Sebuah meja makan terhampar banyak menu yang hendak dimakan. Tapi, tak satupun yang membuat selera untuk dimakan Aisha. Dia hanya melamun menatap kosong menu-menu lezat yang dimasak oleh ibunya, bahkan ada menu kesukaannya. Aisha tak bergeming dari lamunannya.
"Kau kenapa Aisha?" Tanya ibunya yang baru saja keluar dari dapur membawa sepiring buah semangka yang telah dipotong-potong
"Tak apa, mak" jawab Aisha seadanya yang masih setengah memandang menu makanan dengan tatapan kosong.
"Tak apa maksud kau???mamak liat dari tadi kau melamun saja. Ada apa anakku?" Tanya ibunya yang seraya duduk di seberang meja Aisha duduk.
"Sungguh, aku tak apa mak. Anakmu ini baik-baik saja" sekali lagi Aisha menjawab dengan wajah yang sama tak berubah air mukanya.
"Kau bisa berbohong kepada teman-temanmu. Tapi, aku ini mamak kau. Masih juga kau mau berbohong" ibunya Aisha mulai merasa kecewa atas tindakan Aisha.
"Mak, apakah Aisha salah menyukai seseorang?" Akhirnya Aisha memberanikan diri berbicara apa yang mengganjal di hati dan pikirannya.
"Alahmakjang, anakku sedang jatuh hati rupanya" ibunya Aisha tersenyum menatapa anak gadisnya sudah menyukai lawan jenisnya.
"Tidak mak.
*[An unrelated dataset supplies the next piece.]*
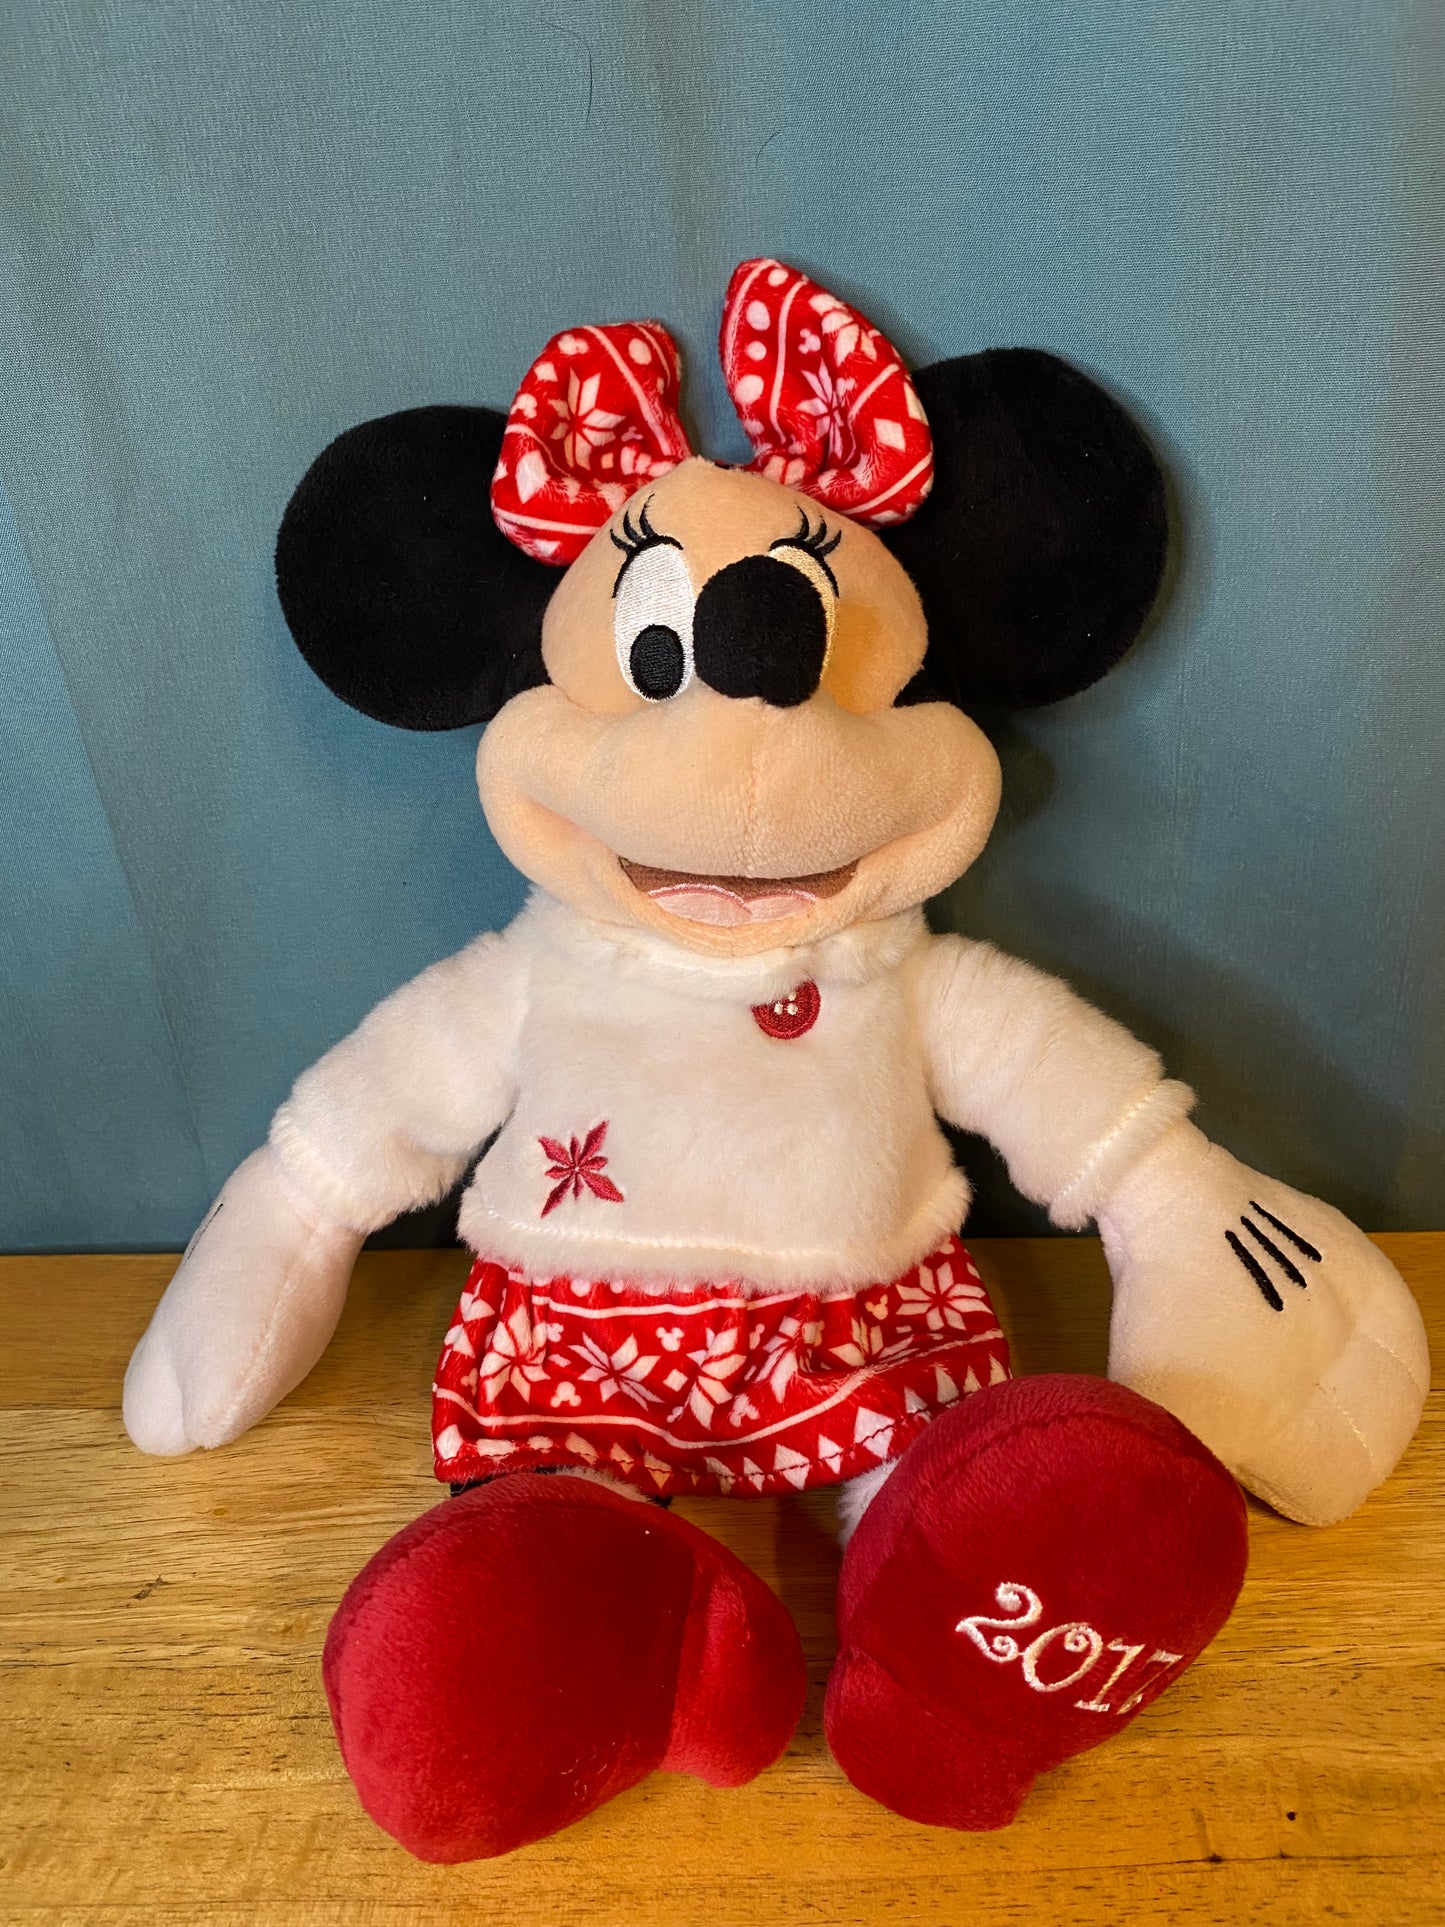 Minnie Mouse Plush
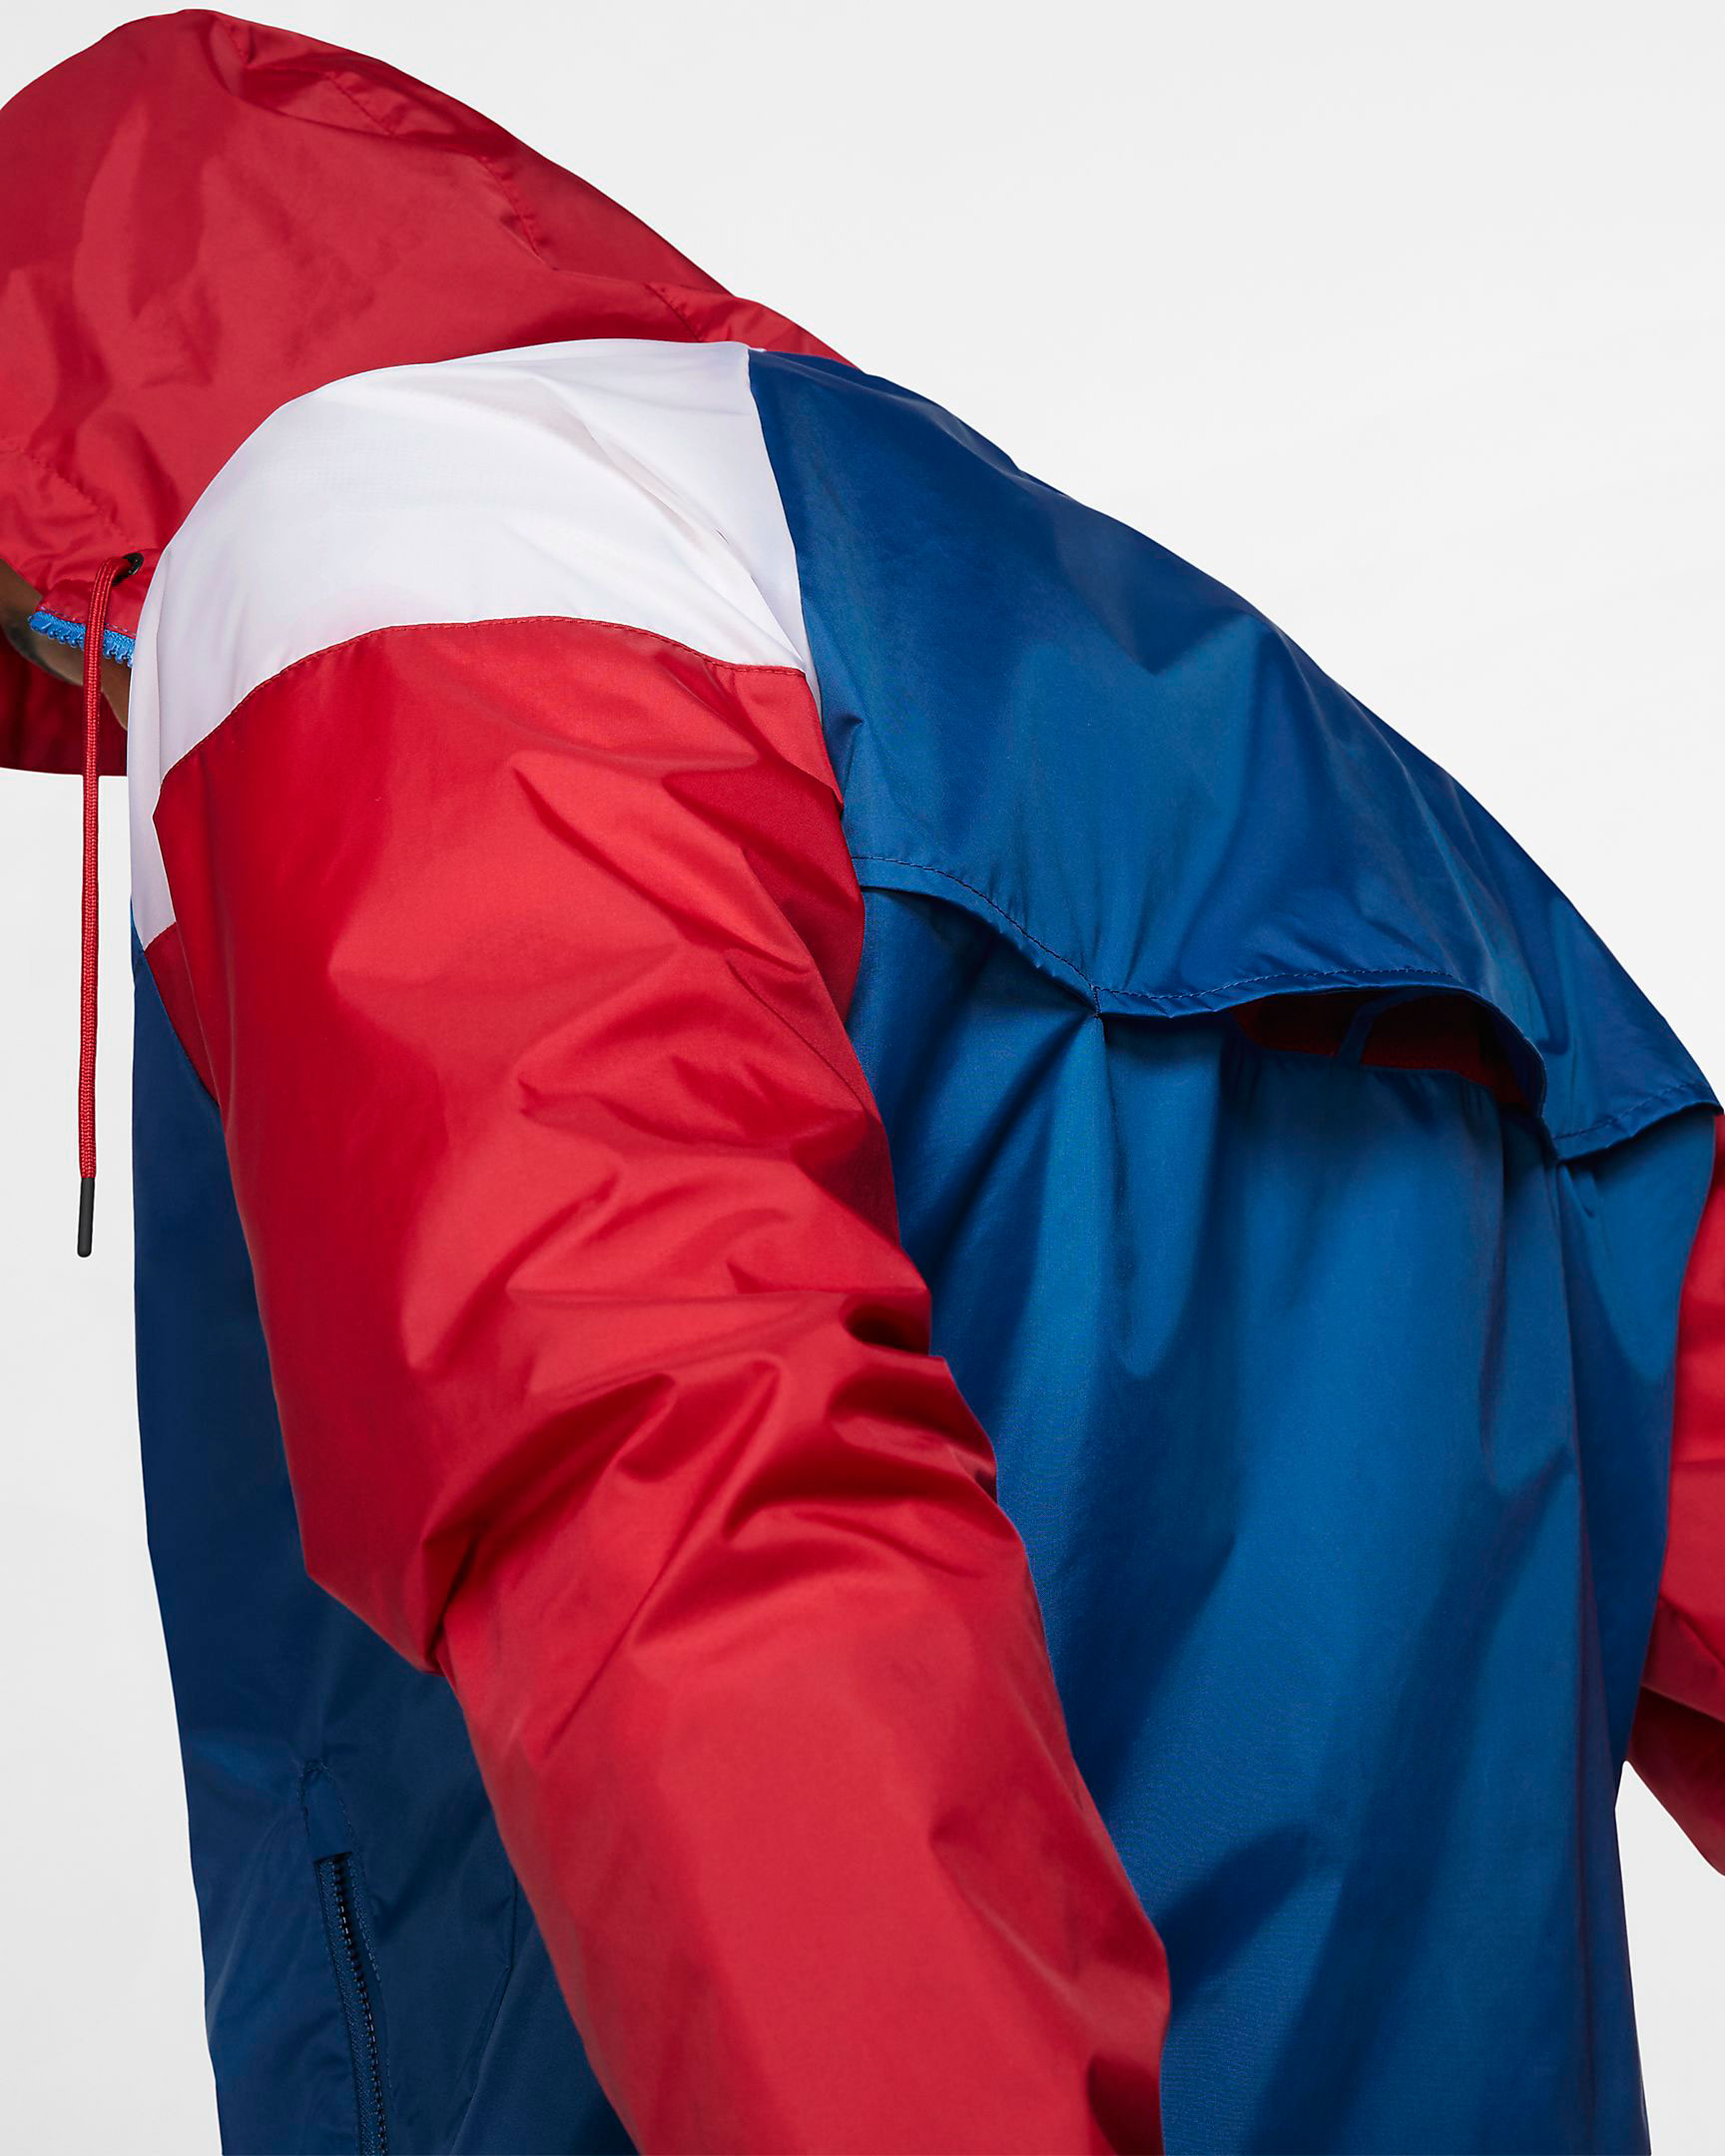 nike-americana-red-white-blue-windrunner-jacket-4

Hanya menyukai. Belum tentu jatuh hati" jawab Aisha membela diri.
"Awalnya suka, lalu jatuh hati itulah nak prosesnya. Tapi, bolehkah mamak kau ini tahu siapa lelaki itu?" Tanya ibunya Aisha penasaran.
"Dia temanku, mak"
"Iya, tau mamak. Dari temanlah dulu"
"Hehehehe...."
"Seperti apa dia. Rajin sholat. Pintar mengaji?"
"Aku tak tahu mak. Yang aku tahu setiap kali zuhur dia tak pernah kulihat kemesjid. Setiap kali ashar kulihat dia bermain bola sampai magrib. Bahkan isya aku tak pernah melihatnya kemesjid. Bahkan subuh. Cuma hari jum'at saja yang aku lihat dia kemesjid, mak"
"Halah...!!! Kalau lah tak sholat tak pintar mengaji. Apalah yang kau suka dari dia nak?"
"Aku juga tak tahu mak. Setiap kali mendekatiku dan berbicara kepada. Hatiku deg-deg-an mak. Rasanya lidahku tak sanggup berbicara. Aku jadi gugup"
"Owh...mamak rasa kau baru tahap menyukai nak. Belum mencintai" ibunya Aisha bangkit dari kursi dan pergi ke dapur.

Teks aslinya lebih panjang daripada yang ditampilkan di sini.